Python Performance: Why 'if not list' is 2x Faster Than Using len()

Discover why 'if not mylist' is twice as fast as 'len(mylist) == 0' by examining CPython's VM instructions and object memory access patterns.

Mar 12, 2025

In Python, you can check a list for emptiness in two ways:

if not mylist
if len(mylist) == 0

While the 2nd approach is not wrong, the first method is considered more Pythonic. Many people don’t agree, but I’ve already put forward my points in a previous article on that debate.

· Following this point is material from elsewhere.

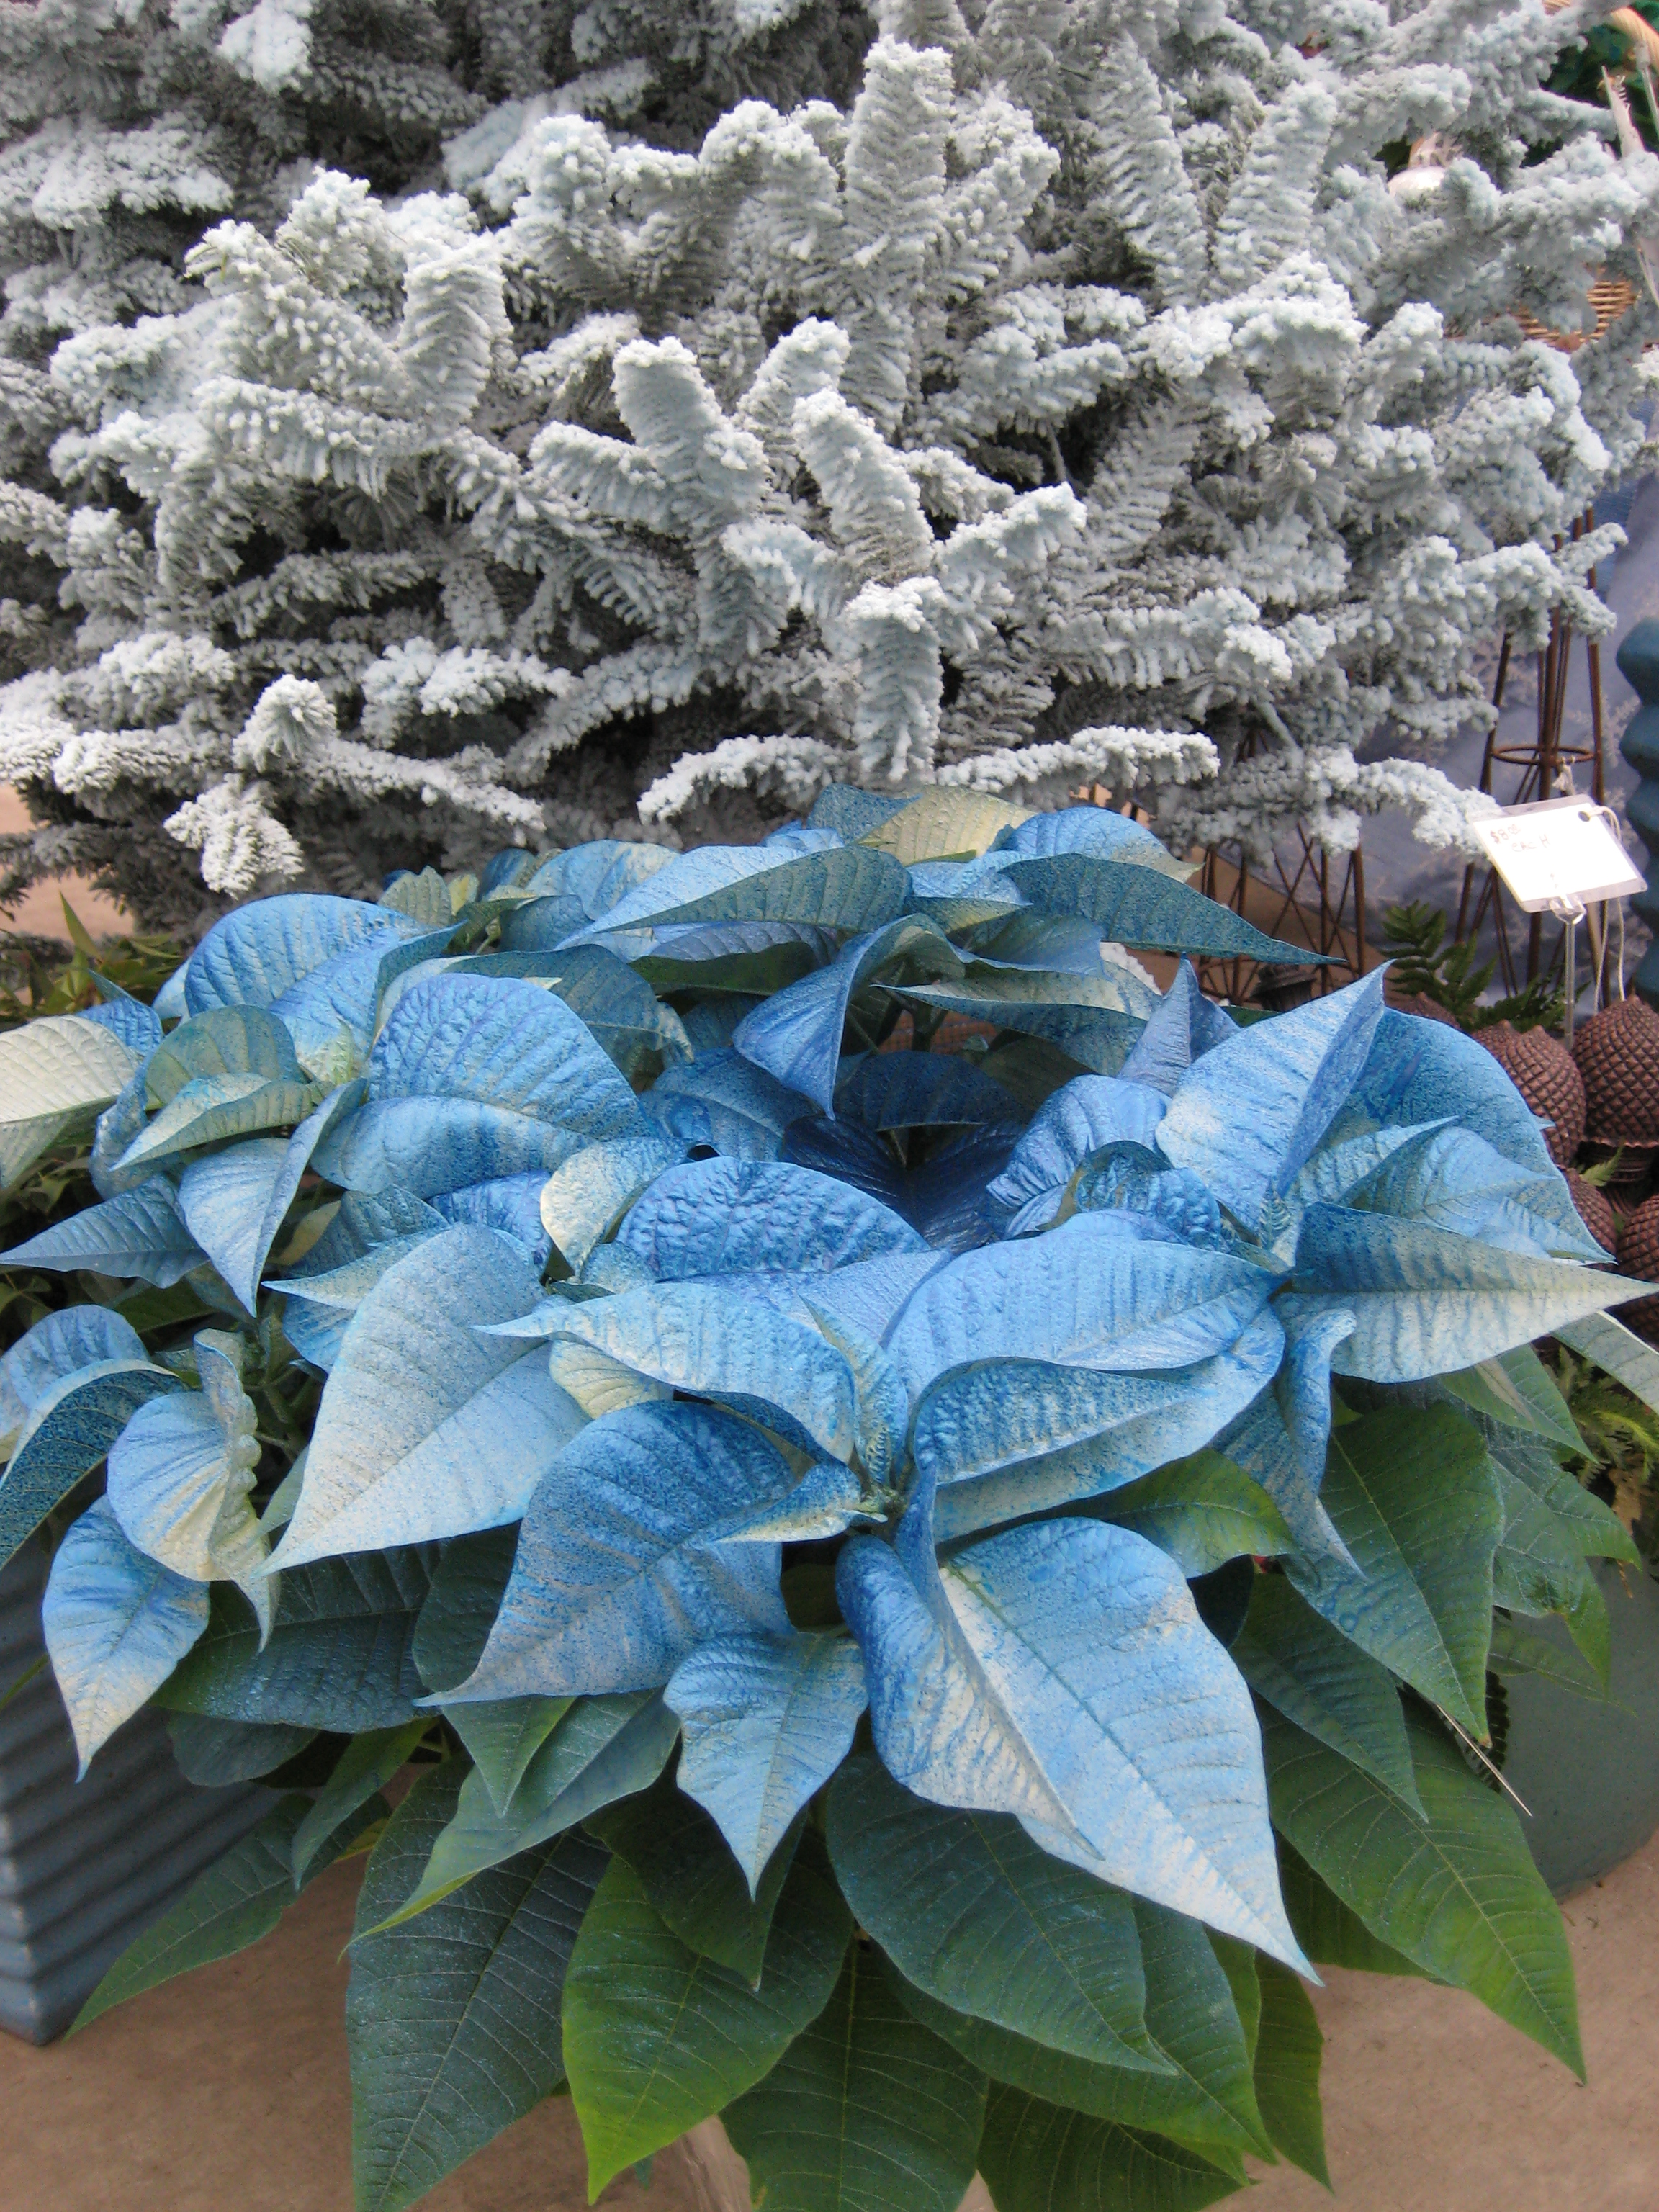 Picture of Blue Moon Poinsettias and Flocked Evergreen Branches

Apart from being more Pythonic, the first version is ~2x faster than the other, see for yourself:

Microbenchmark comparing performance of the two ways of doing emptiness checks in Python

That's an almost 2x performance difference for something as fundamental as checking if a collection is empty. This operation occurs millions of times in any non-trivial Python application.

The disparity becomes even more intriguing when you consider that both approaches must ultimately determine the same thing: does the collection contain any elements? What causes this surprisingly large gap? The answer lies in CPython's implementation details:

How objects are organized in memory
How the virtual machine processes bytecode instructions
The hidden costs of seemingly simple operations, such as calling the built-in len().

In this article, we'll follow both the execution paths instruction by instruction, uncovering why a small syntactic difference translates to double the execution time.

TL;DR

If you’re short on time, here are the key insights covered in the article:

In Python, checking if a collection is empty can be done with either
- if not mylist
- or, if len(mylist) == 0
- The first approach is consistently 2x faster.
This performance difference exists because “if not mylist” requires only 2 VM instructions (LOAD_GLOBAL, TO_BOOL), while “if len(mylist) == 0” needs 5 instructions (LOAD_GLOBAL, LOAD_FAST, CALL, LOAD_CONST, COMPARE_OP).
Both the TO_BOOL instruction and the len() built-in function check the size of the list through five layers of pointer indirection.
However, the VM optimizes TO_BOOL to TO_BOOL_LIST which is a specialized instruction to evaluate the truth value of list type objects, and it can, it can do the same thing in a single memory access.
Apart from five levels of pointer dereferences, using len() also has the overhead of function calls, which adds up.
For hot loops or performance-critical code, the idiomatic approach (if not mylist) is more Pythonic and measurably more efficient.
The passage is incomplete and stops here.